Moving classes up or down the hierarchy - This cannot be allowed since the
data in the stream appears in the wrong sequence.
Changing a nonstatic field to static or a nontransient field to transient - This
is equivalent to deleting a field from the class. This version of the class will
not write that data to the stream, so it will not be available to be read by
earlier versions of the class. As when deleting a field, the field of the earlier
version will be initialized to the default value, which can cause the class to
fail in unexpected ways.
Changing the declared type of a primitive field - Each version of the class
writes the data with its declared type. Earlier versions of the class
attempting to read the field will fail because the type of the data in the
stream does not match the type of the field.
Changing the writeObject or readObject method so that it no longer writes
or reads the default field data or changing it so that it attempts to write it or
read it when the previous version did not. The default field data must
consistently either appear or not appear in the stream.
Changing a class from Serializable to Externalizable or visa-versa is an
incompatible change since the stream will contain data that is incompatible
with the implementation in the available class.

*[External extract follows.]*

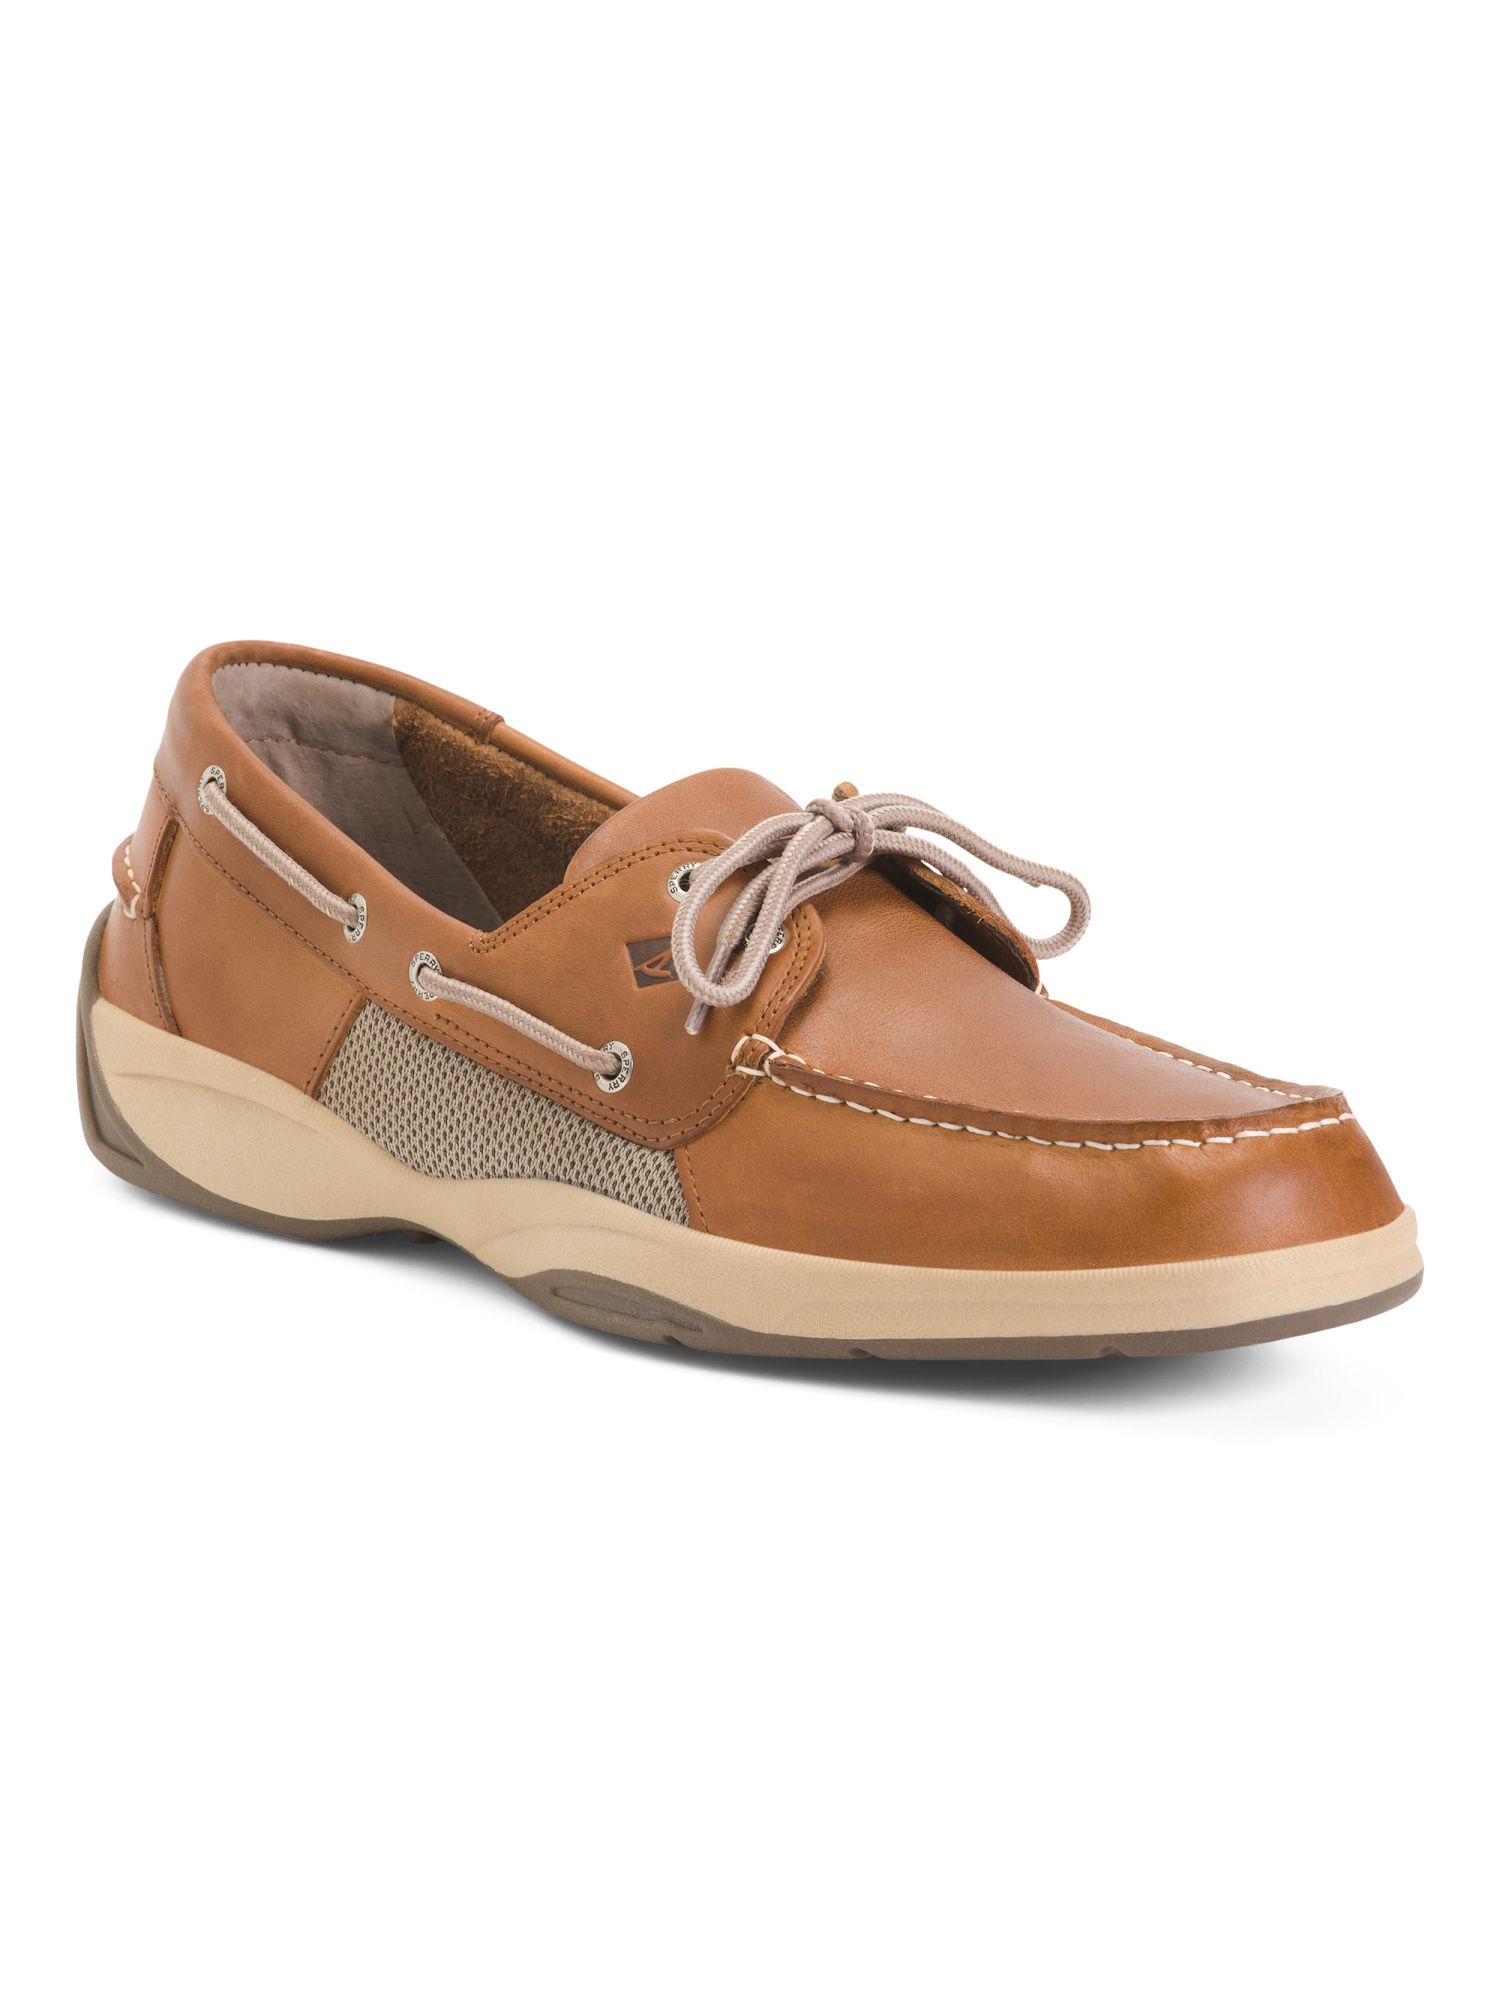 Men's Leather Lace Up Boat Shoes With Extended Sizes | Father's Day Gifts | Marshalls | Marshalls

Removing either Serializable or Externalizable is an incompatible change
since when written it will not longer supply the fields needed by older
versions of the class.
The compatible changes to a class are handled as follows:
Adding fields - When the class being reconstituted has a field that does not
occur in the stream, that field in the object will be initialized to the default
value for its type. If class-specific initialization is needed, the class may
provide a readObject method that can initialize the field to nondefault
values.
Adding classes - The stream will contain the type hierarchy of each object in
the stream. Comparing this hierarchy in the stream with the current class
can detect additional classes. Since there is no information in the stream
from which to initialize the object, the class's fields will be initialized to the
default values.
Removing classes - Comparing the class hierarchy in the stream with that of
the current class can detect that a class has been deleted. In this case, the
fields and objects corresponding to that class are read from the stream.
Primitive fields are discarded, but the objects referenced by the deleted class
are created, since they may be referred to later in the stream. They will be
garbage-collected when the stream is garbage-collected or reset.

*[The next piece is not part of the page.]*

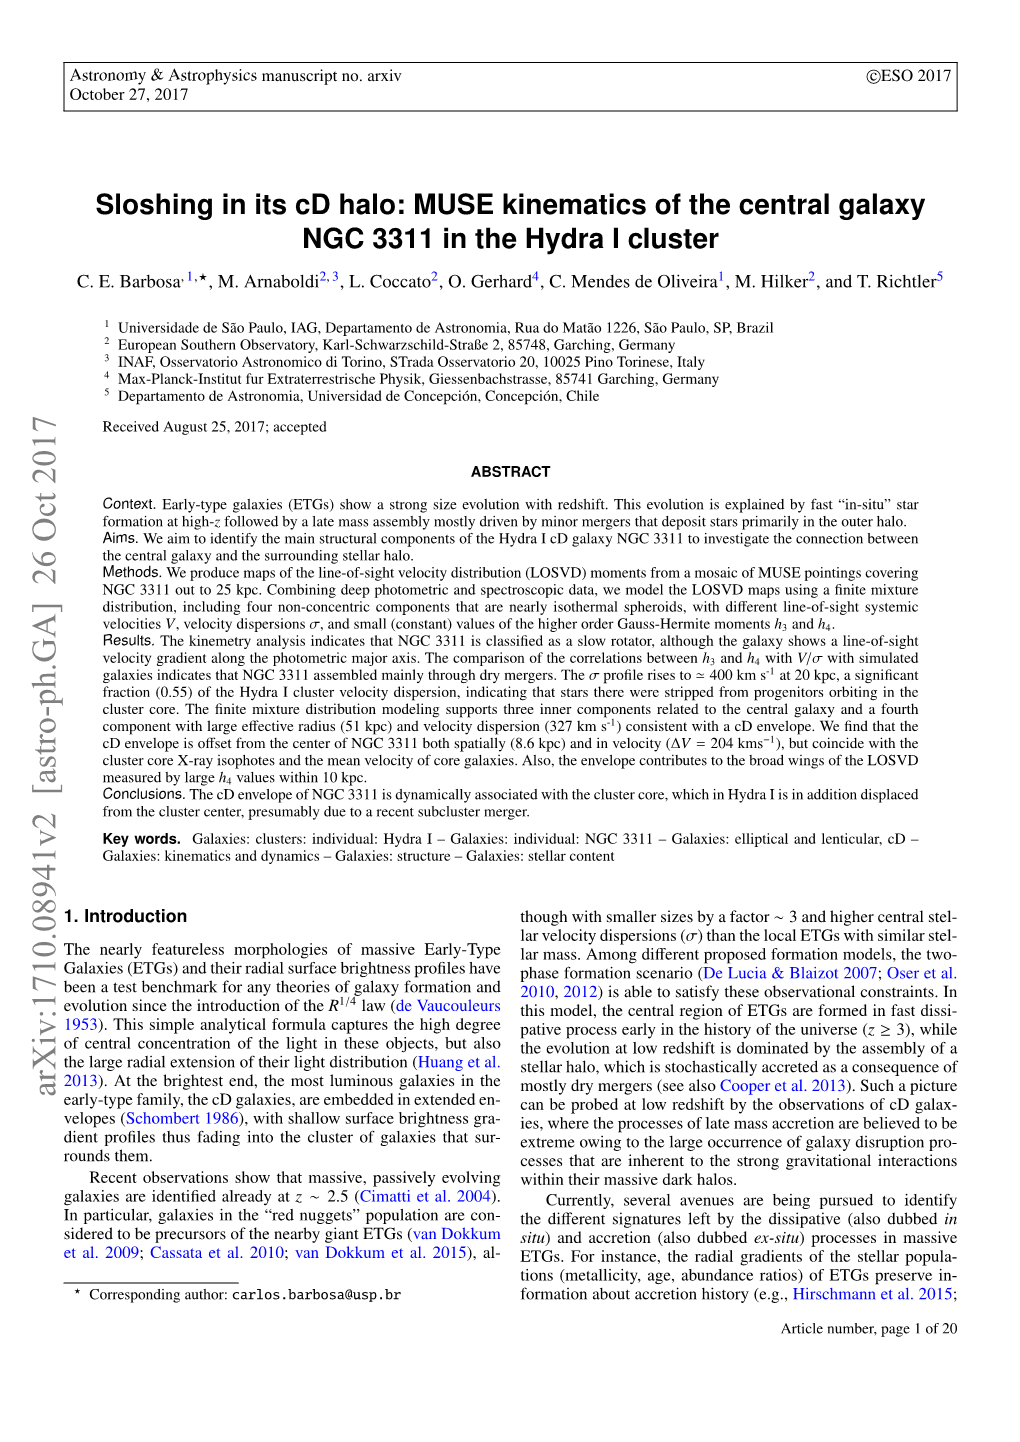 MUSE Kinematics of the Central Galaxy NGC 3311 in the Hydra I Cluster C

Adding writeObject/readObject methods - If the version reading the stream
has these methods then readObject is expected, as usual, to read the
required data written to the stream by the default serialization. It should call
defaultReadObject first before reading any optional data. The
writeObject method is expected as usual to call defaultWriteObject
to write the required data and then may write optional data.
Removing writeObject/readObject methods - If the class reading the stream
does not have these methods, the required data will be read by default
serialization, and the optional data will be discarded.
Adding java.io.Serializable - This is equivalent to adding types. There will
be no values in the stream for this class so its fields will be initialized to
default values. The support for subclassing nonserializable classes requires
that the class's supertype have a no-arg constructor and the class itself will
be initialized to default values. If the no-arg constructor is not available, the
NotSerializableException is thrown.
Removing java.io.Serializable so that it is no longer Serializable - This is
equivalent to removing the class, and it can be dealt with by reading and
discarding data for the class.
Changing the access to a field - The access modifiers public, package,
protected, and private have no effect on the ability of serialization to assign
values to the fields.
Changing a field from static to nonstatic or transient to nontransient - This is
equivalent to adding a field to the class. The new field will be written to the
stream but earlier classes will ignore the value since serialization will not
assign values to static or transient fields.